Bahrain: Tamkeen Launches Updated Regulatory Framework for Training Programmes

  • 28/08/202528/08/2025
  • by Hannah Gutang

Bahrain News Agency, 24 August 2025: The Labour Fund (Tamkeen) launched an updated regulatory framework for training programmes aimed at improving their impact and outcomes. In line with this, Tamkeen also completed its periodic review of several training programmes that support obtaining professional certificates across various specialities.

The revised regulatory framework now incorporates procedures and controls that assess how training programmes benefit their participants. This involves regular evaluations of training initiatives to ensure they are consistent with Tamkeen’s key strategic objectives, paired with follow-up measures to determine how the programmes contribute to participants’ career development.

In the most recent review, certificates were scrutinised thoroughly. As a result, 20 certificates were removed, and support criteria, along with requirements for six additional certificates, were modified. This reform is designed to better align the training programmes with Tamkeen’s strategy of enhancing national talent skills, boosting employment prospects in the labour market, and supporting entrepreneurial ventures.

Tamkeen remains committed to tracking the impact of its training programmes by maintaining regular communication with participants. This ongoing engagement allows them to monitor the trainees’ progress during and after the courses, and multiple follow-up procedures are in place to maintain training quality.

Throughout the year, training providers conducted over 30 inspections, and more than 400 beneficiaries were contacted.
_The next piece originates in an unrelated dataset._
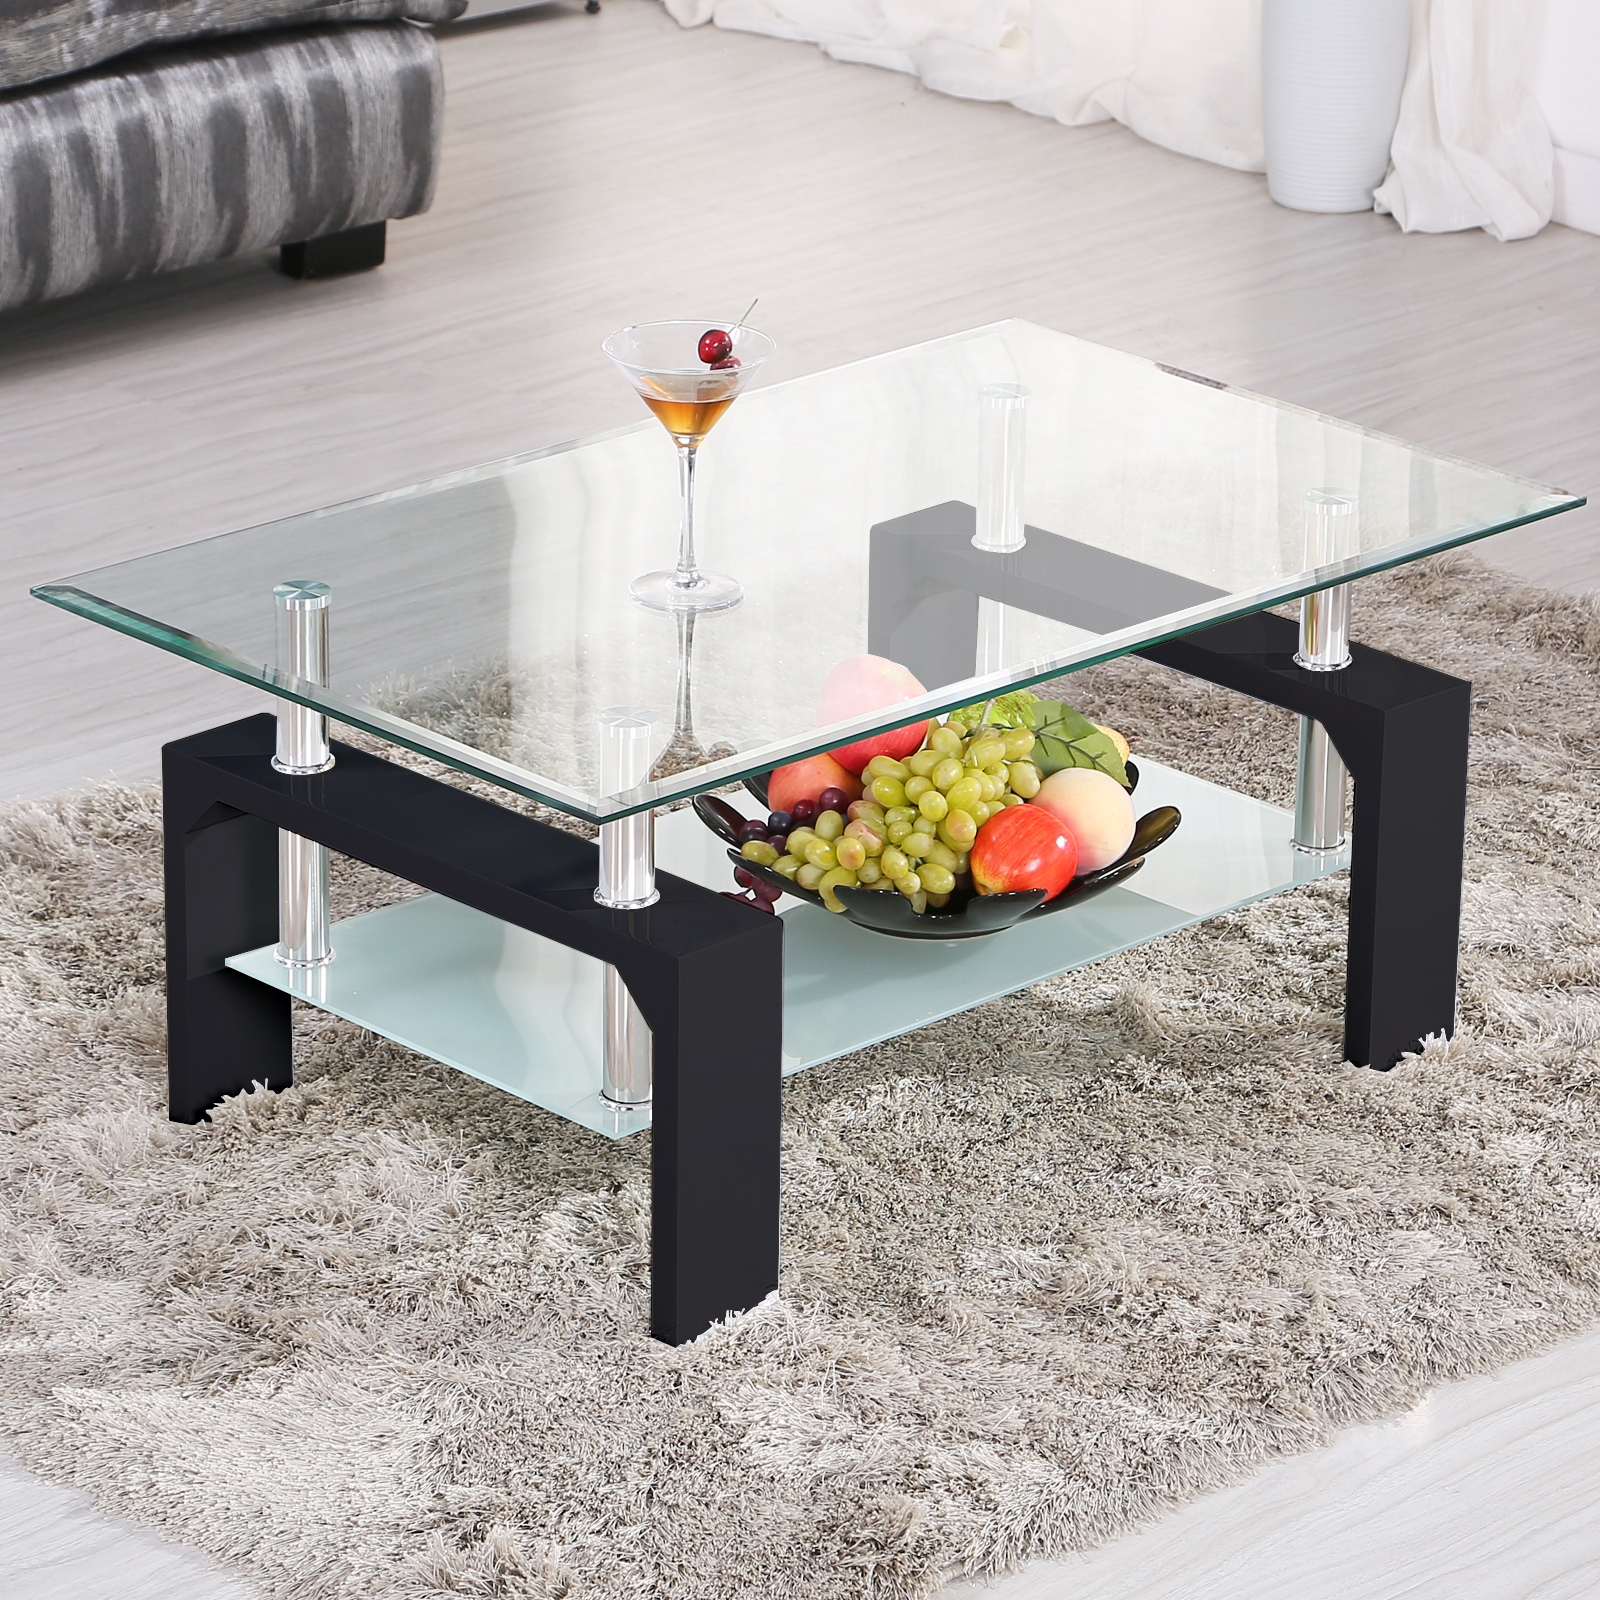 Uenjoy Rectangular Glass Coffee Table Shelf Chrome Black Wood Living Room Furniture, Black - image 1 of 8

These efforts aimed to evaluate the programmes’ contributions to professional development, gather participant feedback, and monitor career advancements and job placements through cooperation with relevant entities.

This initiative is in line with Tamkeen’s strategic vision for 2025, which targets improving the standing and competitiveness of Bahraini professionals in the private sector, ensuring they acquire the skills necessary for career advancement, and prioritising business growth, digital transformation, and sustainability.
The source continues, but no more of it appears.